The virus signature may be the most reliable way for a virus scanner to identify a virus. If a particular virus always begins with the string 47F0F00E08 (in hexadecimal) and has string 00113FFF located at word 12, it is unlikely that other programs or data files will have these exact characteristics. For longer signatures, the probability of a correct match increases.

If the virus scanner will always look for those strings, then the clever virus writer can cause something other than those strings to be in those positions. Many instructions cause no effect, such as adding 0 to a number, comparing a number to itself, or jumping to the next instruction. These instructions, sometimes called no-ops, can be sprinkled into a piece of code to distort any pattern. For example, the virus could have two alternative but equivalent beginning words; after being installed, the virus will choose one of the two words for its initial word. Then, a virus scanner would have to look for both patterns. A virus that can change its appearance is called a polymorphic virus. (Poly means "many" and morph means "form.")

A two -form polymorphic virus can be handled easily as two independent viruses. Therefore, the virus writer intent on preventing detection of the virus will want either a large or an unlimited number of forms so that the number of possible forms is too large for a virus scanner to search for. Simply embedding a random number or string at a fixed place in the executable version of a virus is not sufficient, because the signature of the virus is just the constant code excluding the random part. A polymorphic virus has to randomly reposition all parts of itself and randomly change all fixed data.

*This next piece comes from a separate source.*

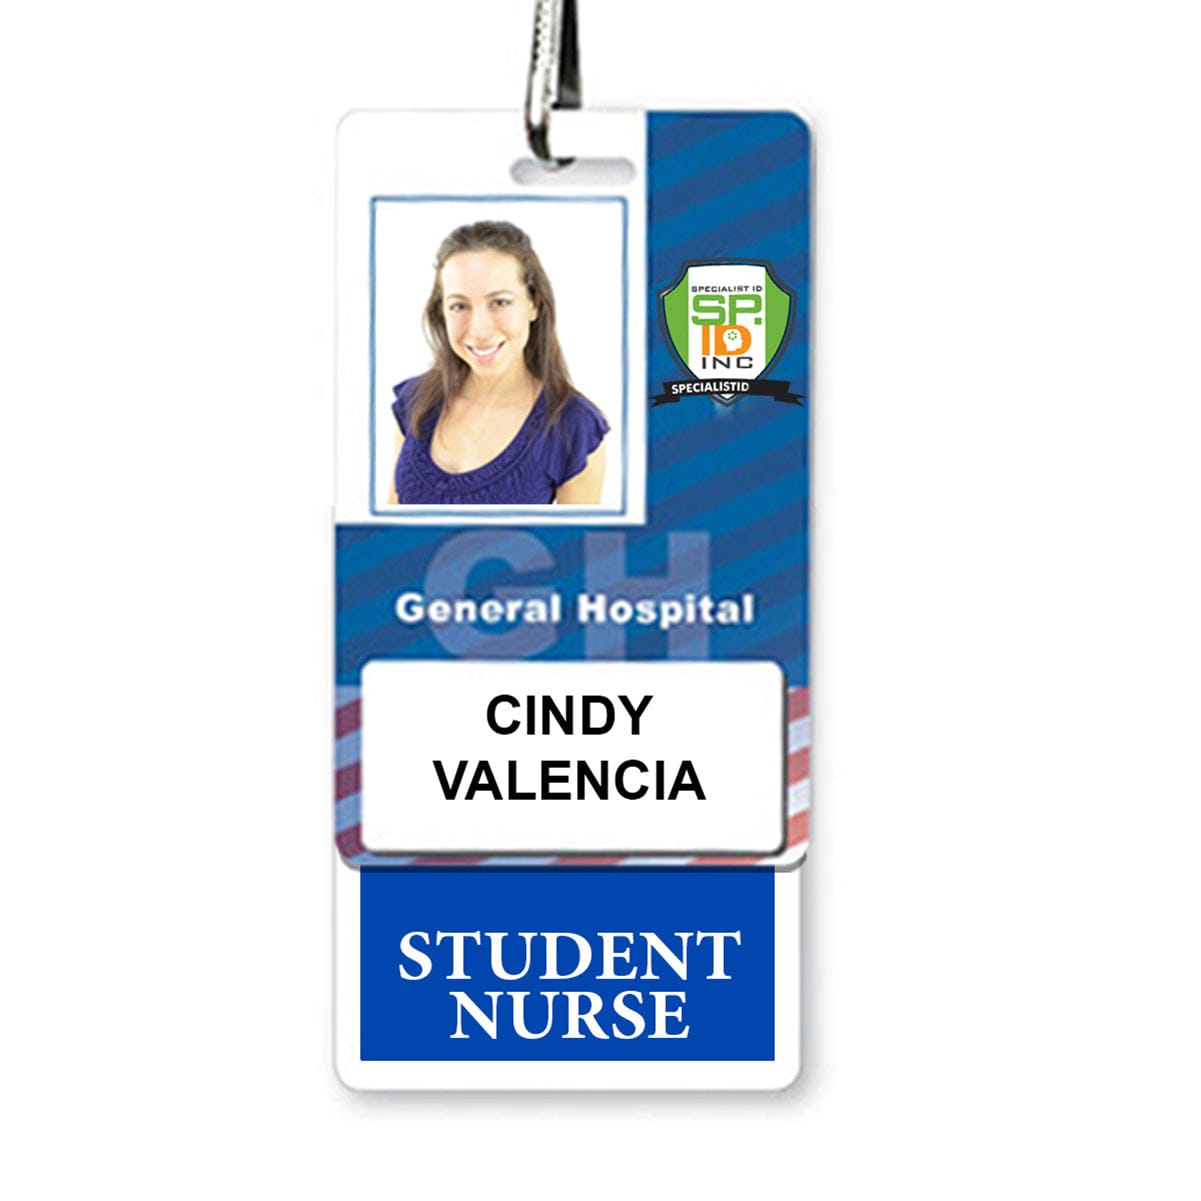 ID Badges for Healthcare Workers and Medical Facilities - SpecialistID –

Thus, instead of containing the fixed (and therefore searchable) string "HA! INFECTED BY A VIRUS," a polymorphic virus has to change even that pattern sometimes.

Trivially, assume a virus writer has 100 bytes of code and 50 bytes of data. To make two virus instances different, the writer might distribute the first version as 100 bytes of code followed by all 50 bytes of data. A second version could be 99 bytes of code, a jump instruction, 50 bytes of data, and the last byte of code. Other versions are 98 code bytes jumping to the last two, 97 and three, and so forth. Just by moving pieces around, the virus writer can create enough different appearances to fool simple virus scanners. Once the scanner writers became aware of these kinds of tricks, however, they refined their signature definitions.

A simple variety of polymorphic virus uses encryption under various keys to make the stored form of the virus different. These are sometimes called encrypting viruses. This type of virus must contain three distinct parts: a decryption key, the (encrypted) object code of the virus, and the (unencrypted) object code of the decryption routine. For these viruses, the decryption routine itself, or a call to a decryption library routine, must be in the clear so that becomes the signature.

To avoid detection, not every copy of a polymorphic virus has to differ from every other copy. If the virus changes occasionally, not every copy will match a signature of every other copy.